Dr. Buddy Rydell: Trust me Dave. If you were calm as well as witty, she will respond.
Dave Buznik: I think witty went out the window with that whole pants-explosion thing.
Dr. Buddy Rydell: My offer stands.
Dave Buznik: So if I repeat that crazy shit you probably stole from a porno flick, you sick bastard, and get rejected, you'll release me from the program?
Dr. Buddy Rydell: Exactly.
Cabbie: Let's get this thing movin'! What the hell is your problem?
Dr. Buddy Rydell: [shouting] Shut your pie hole, we're working here!
Dave Buznik: [about to be shot by angry man] Let me just ask you one question.
Dave Buznik: Who's the pretty girl in the mirror there?
Lexus Man: [singing] What mirror where?
[shoots gun which is really water gun]
[after loudly passing gas in bed]
Dr.
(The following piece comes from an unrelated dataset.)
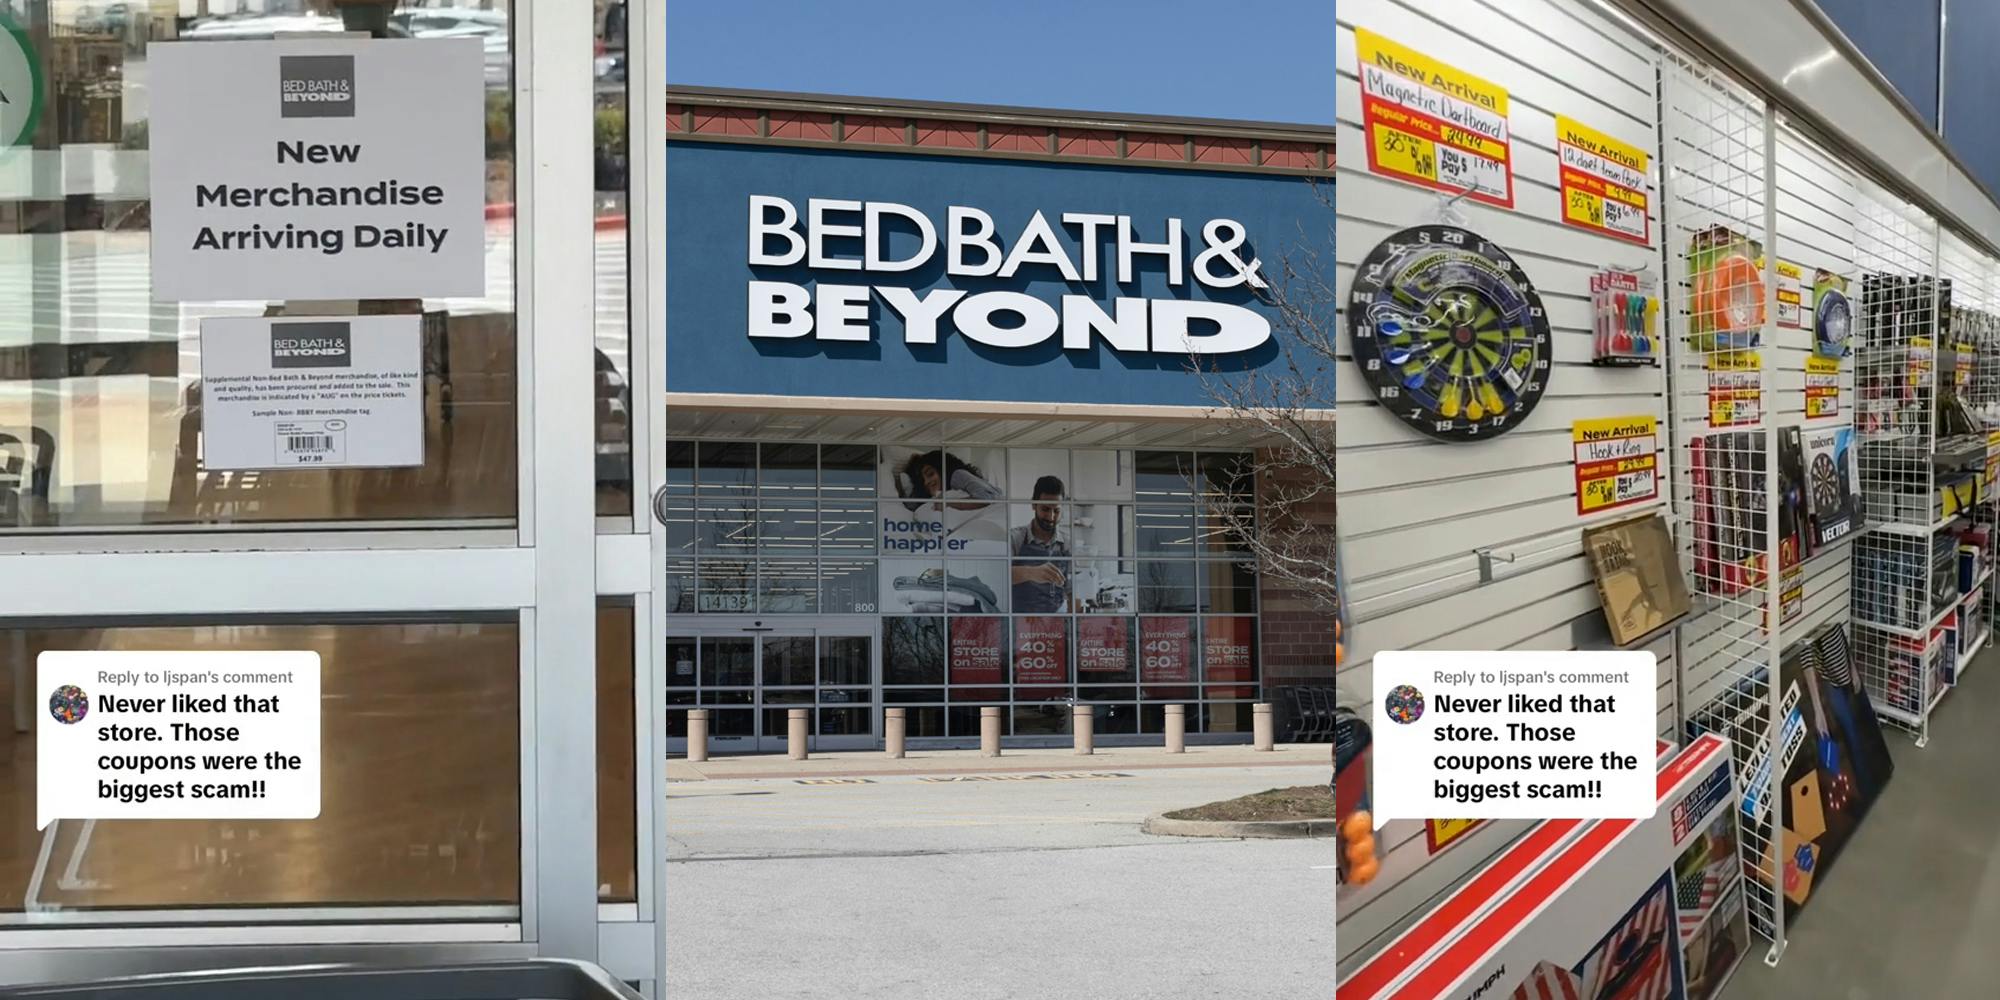 Bed Bath & Beyond sign on door with caption "Never liked that store. Those coupons were the biggest scam!!" (l) Bed Bath & Beyond building with sign (c) Bed Bath & Beyond interior with new arrivals with caption "Never liked that store. Those coupons were the biggest scam!!" (r)

Buddy Rydell: You hear that frog?
Dr. Buddy Rydell: [while taking a shower] Salagadoola mechicka boola bibbidi-bobbidi-boo!
Dave Buznik: [to his boss] By the way, his name's not fat-shit-cat. It's Meatball. And he's eating your crab cakes right now.
Judge Brenda Daniels: [Dr. Buddy Rydell has volunteered to help Dave Buznik] You think you can help him?
Dr. Buddy Rydell: Yep. And if I can't, I'll tear him apart with my bare hands.
Dr. Buddy Rydell: By the way, I like to sleep in the nude.
Dr. Buddy Rydell: ...You're on my side of the arm rest. We're not gonna have problems, are we?
Dr. Buddy Rydell: So Peanut likes the spicy humor. Maybe he'd enjoy the knee-slapper you told me earlier about the great Buddha.
Older Arnie Shankman: Oh, what did you say about Buddha?
Dr. Buddy Rydell: Dave said, "How does a guy who weighs over six hundred pounds have the balls to teach people about self-discipline?"